- **What is expected**
The output should be every line below, retyped exactly, with no images.
(Beginning of Data)
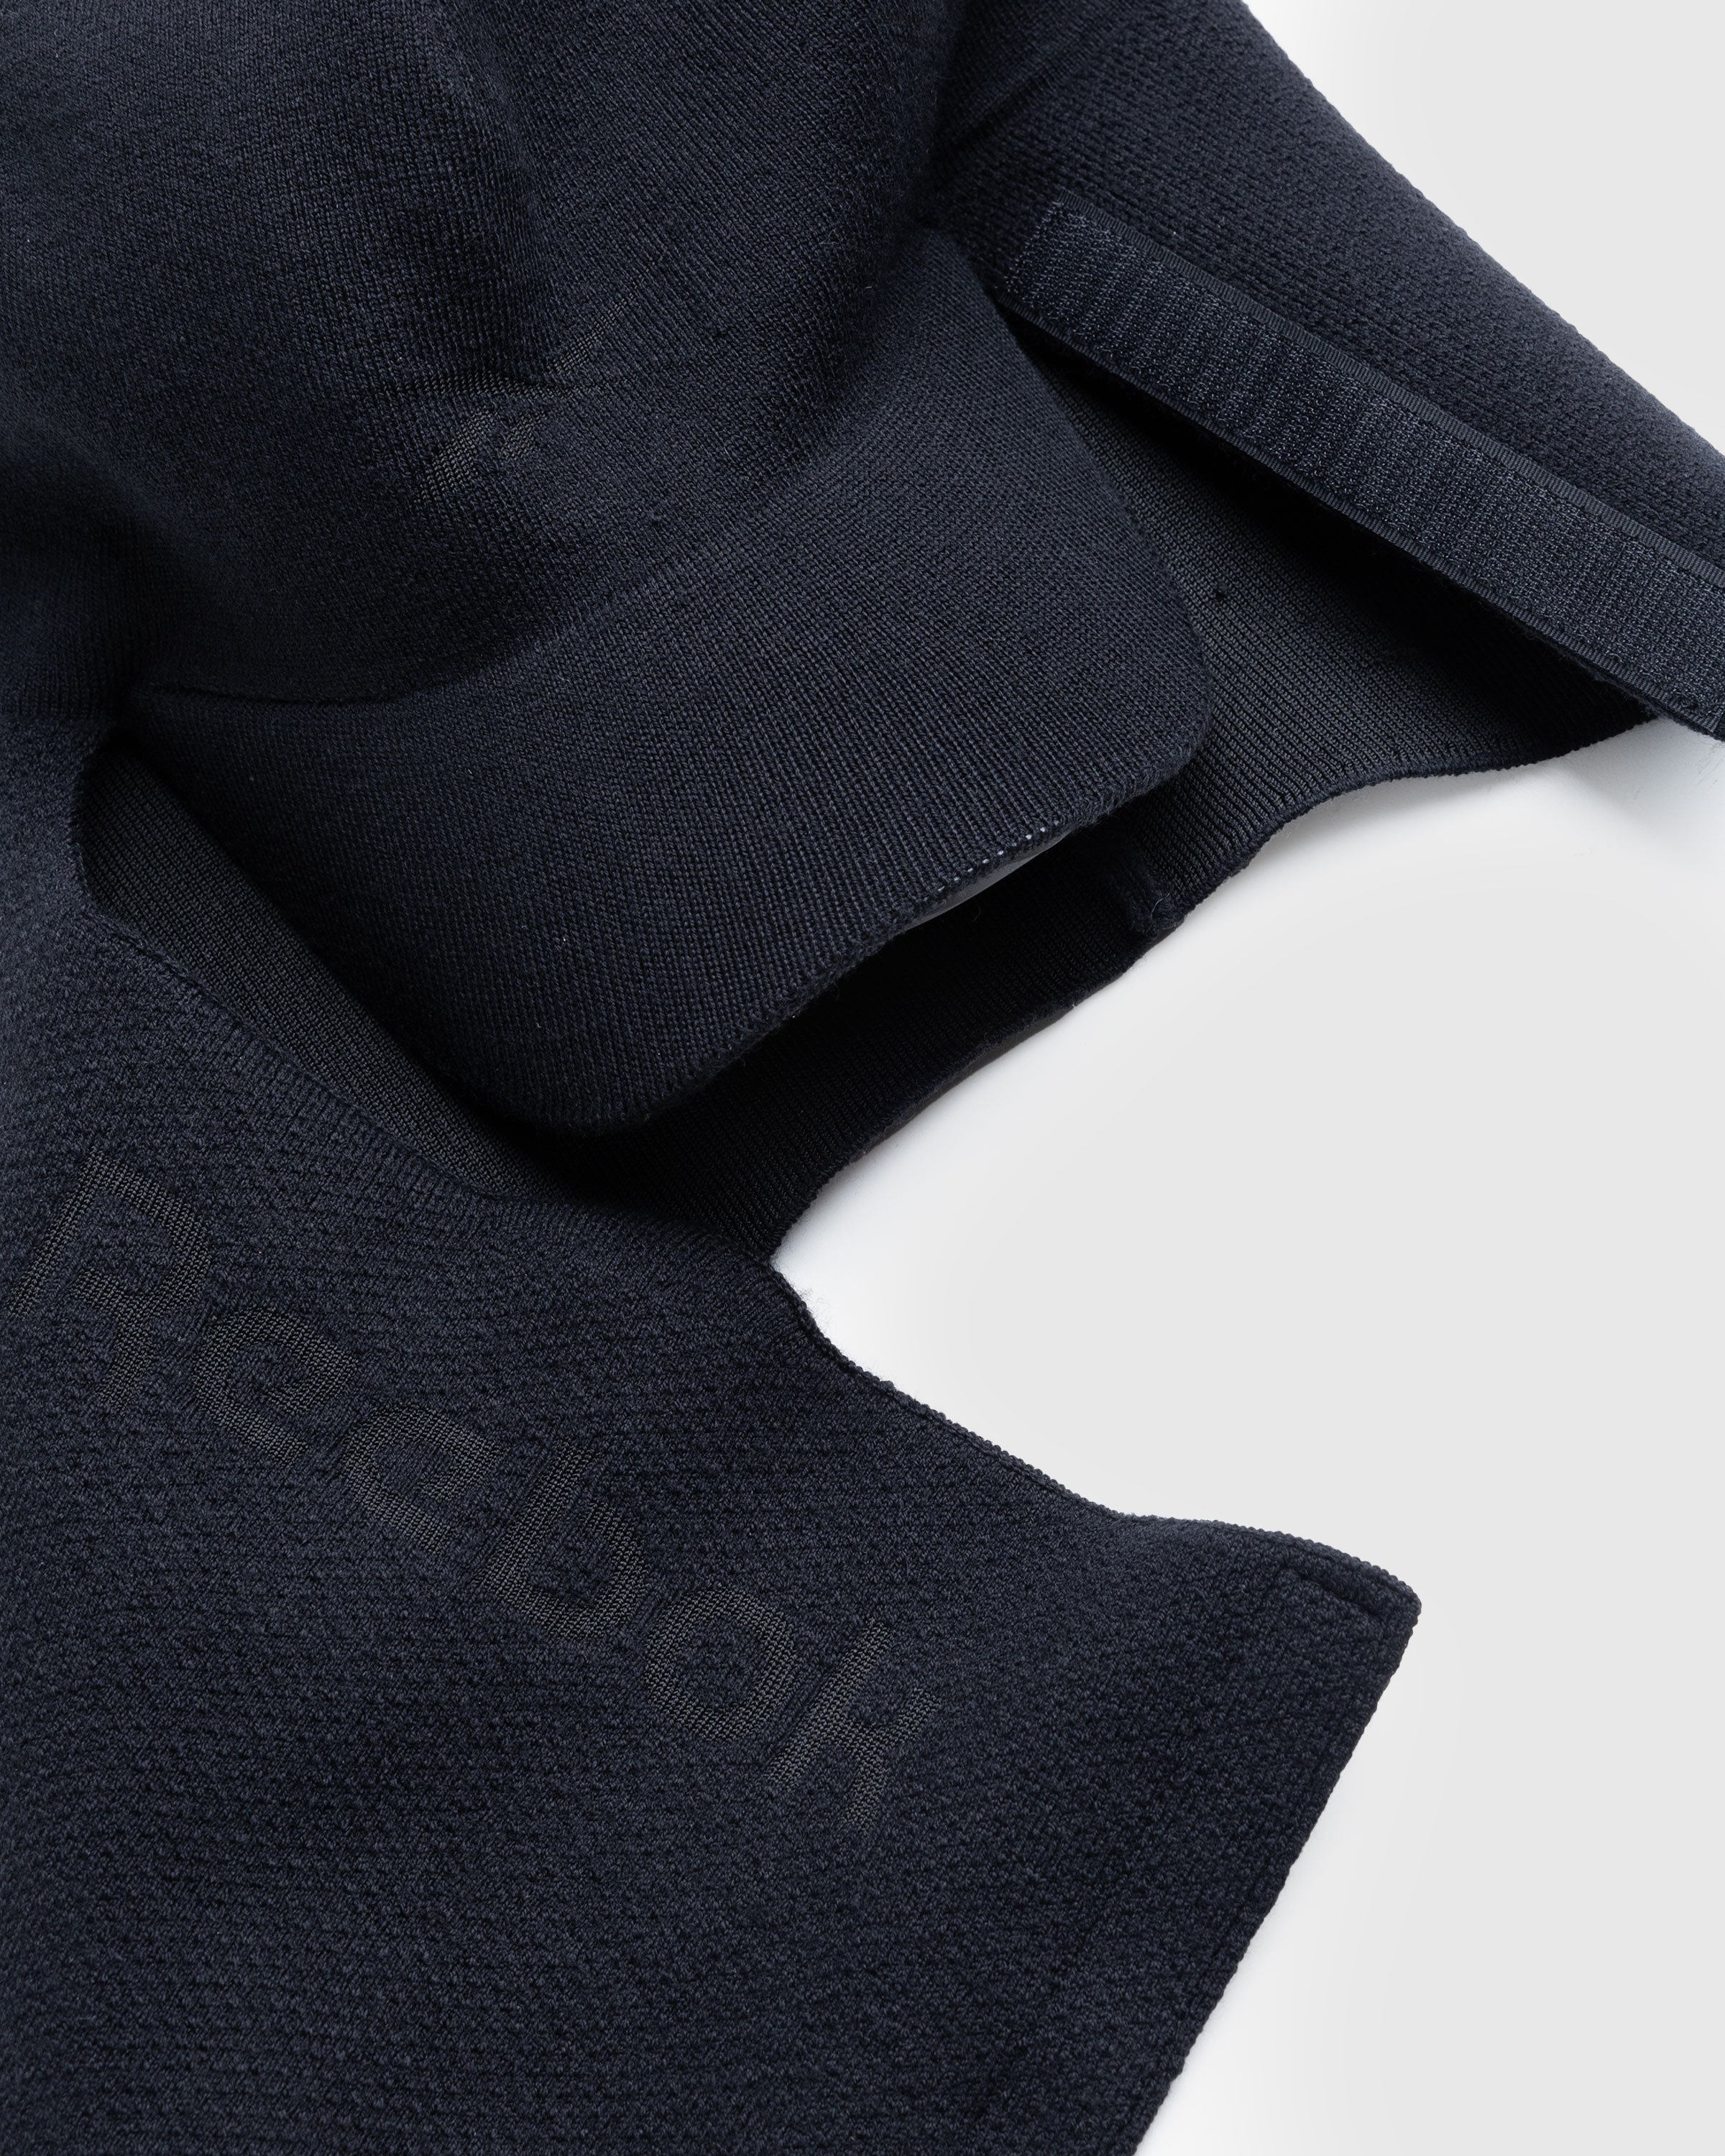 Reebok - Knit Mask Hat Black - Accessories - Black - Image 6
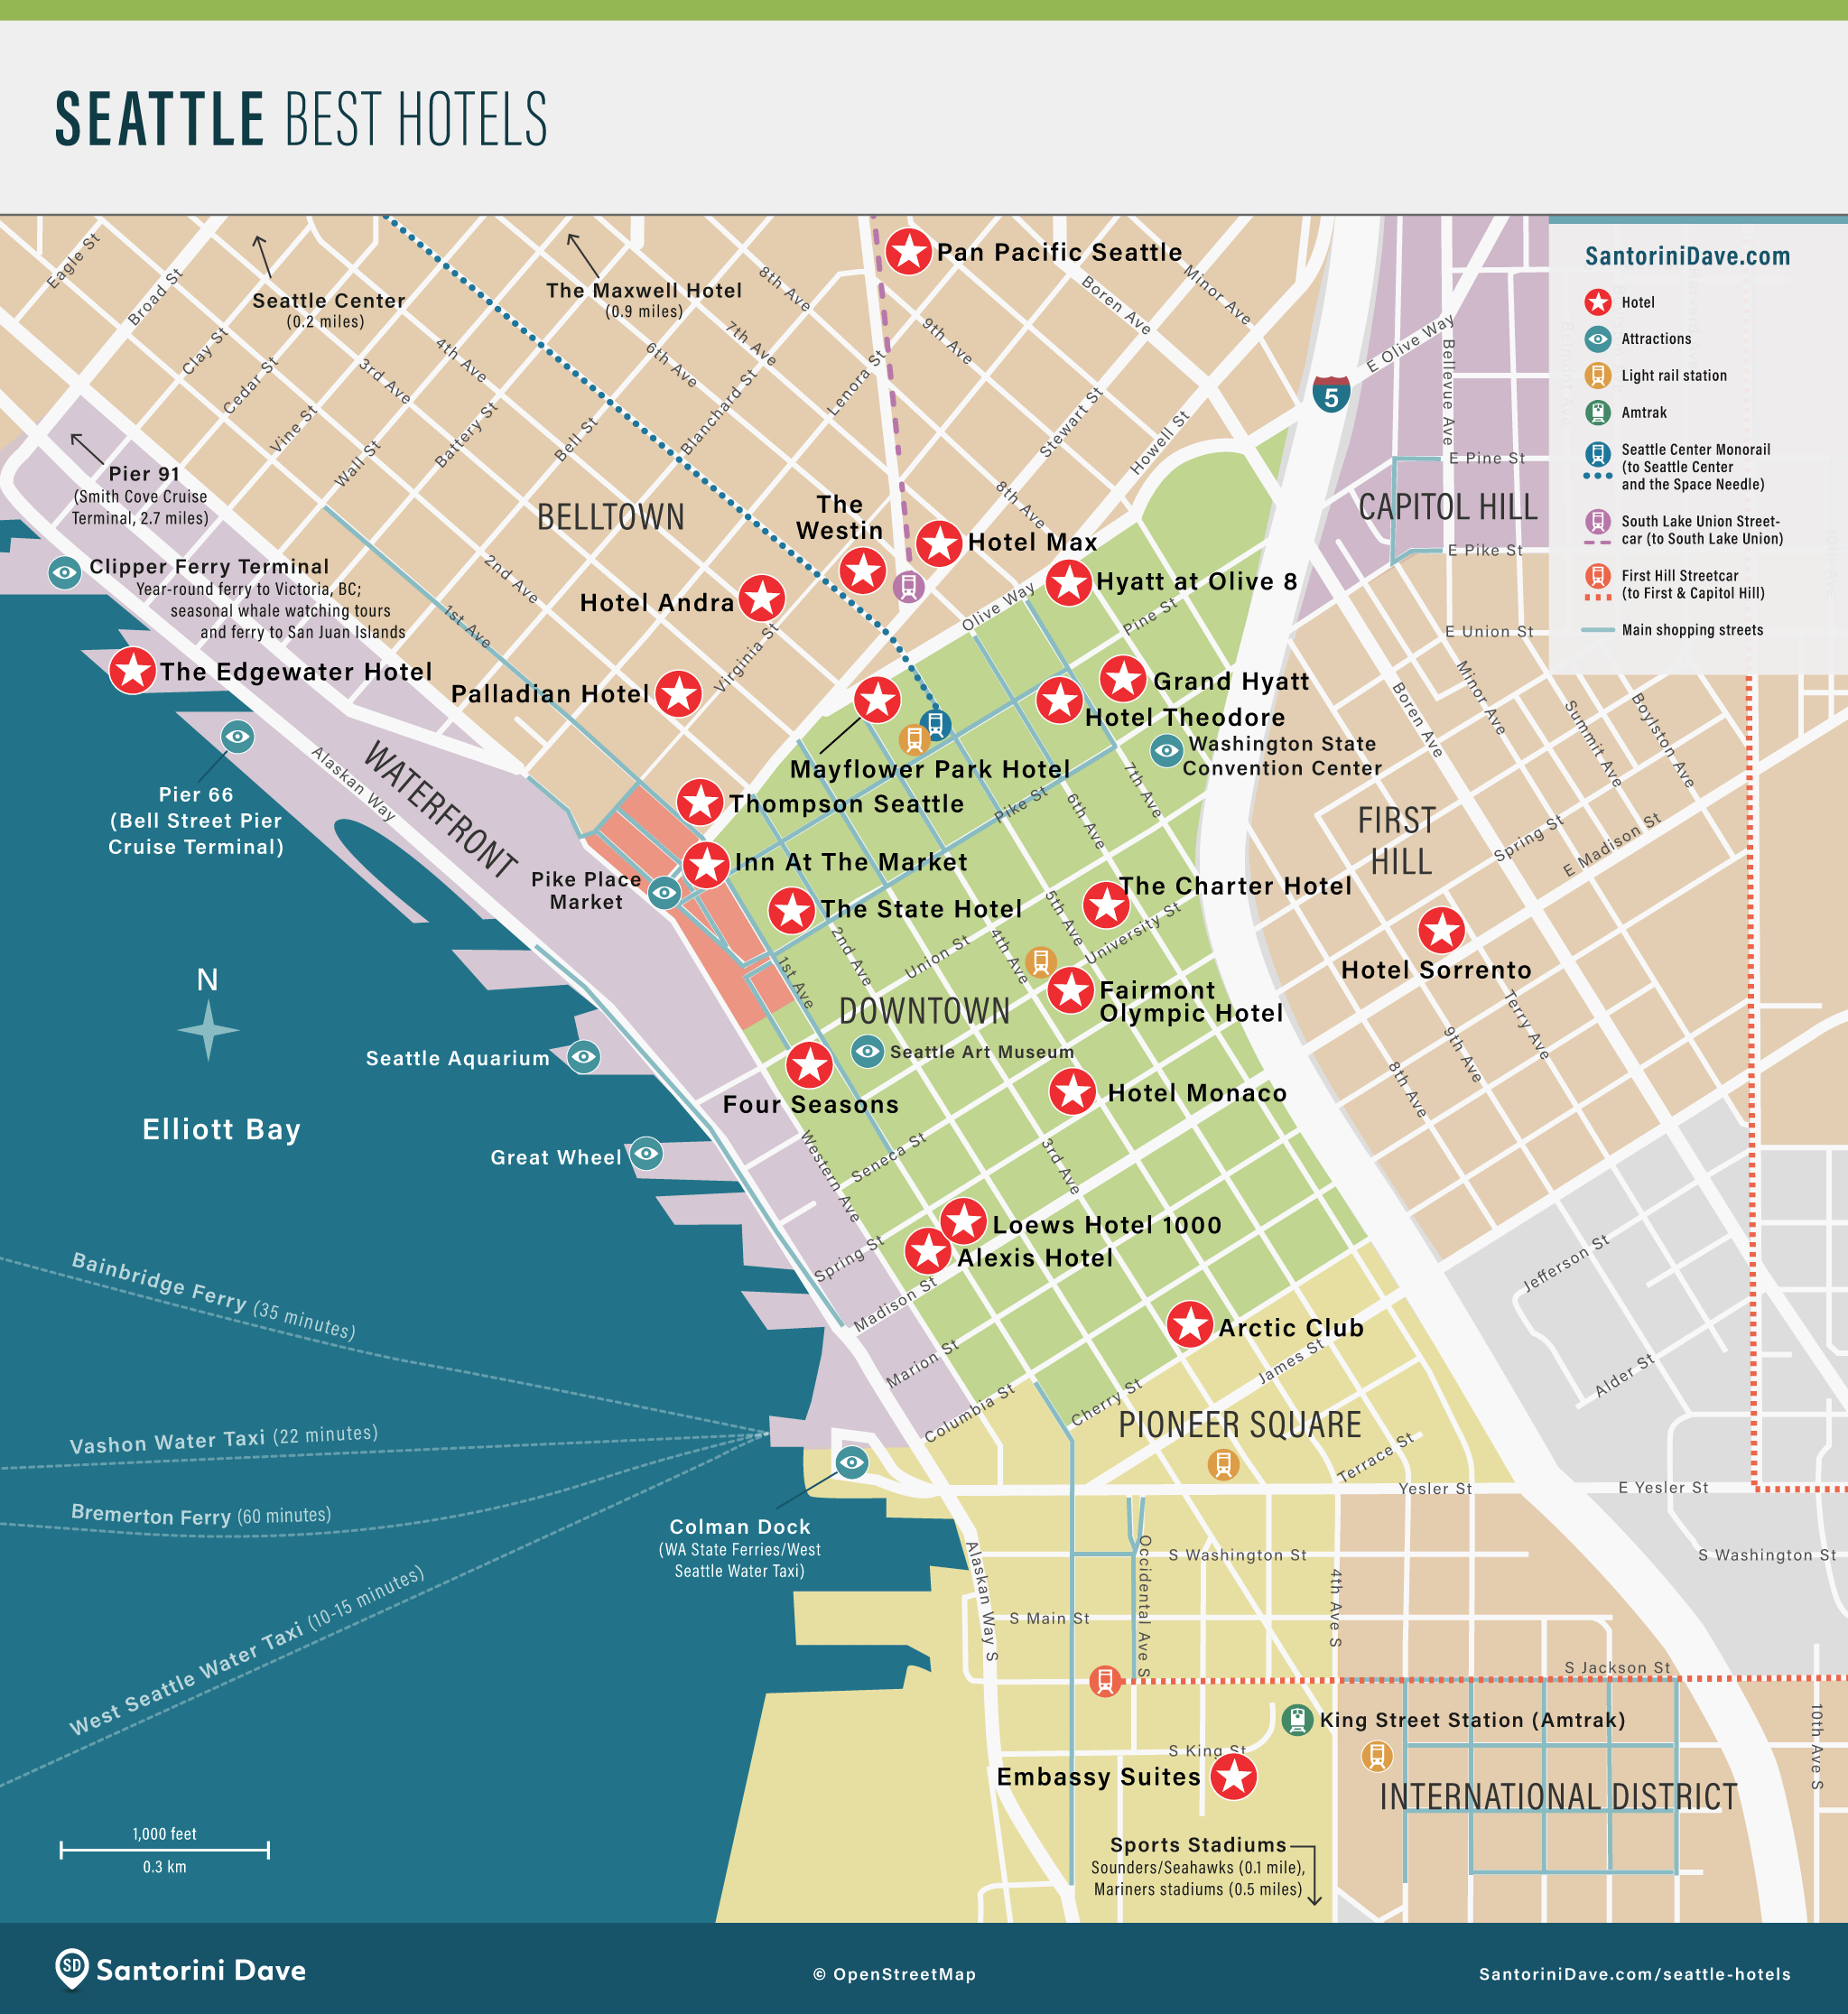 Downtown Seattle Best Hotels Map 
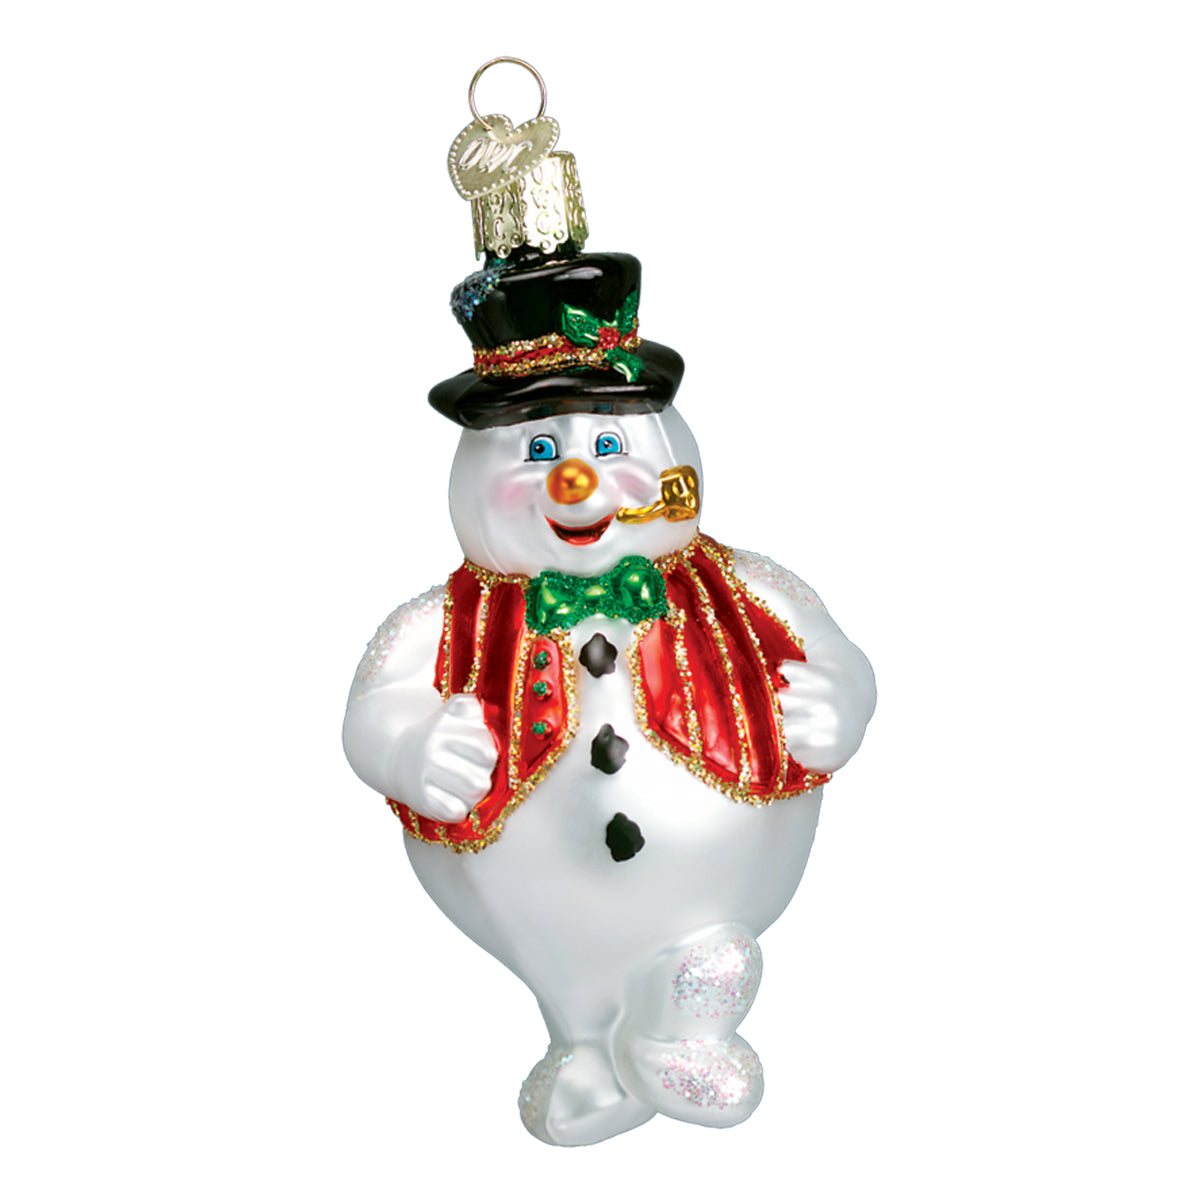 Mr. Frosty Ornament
(End of Data)
- **Answer to this problem**
 Reebok - Knit Mask Hat Black - Accessories - Black - Image 6
 Downtown Seattle Best Hotels Map 
 Mr. Frosty Ornament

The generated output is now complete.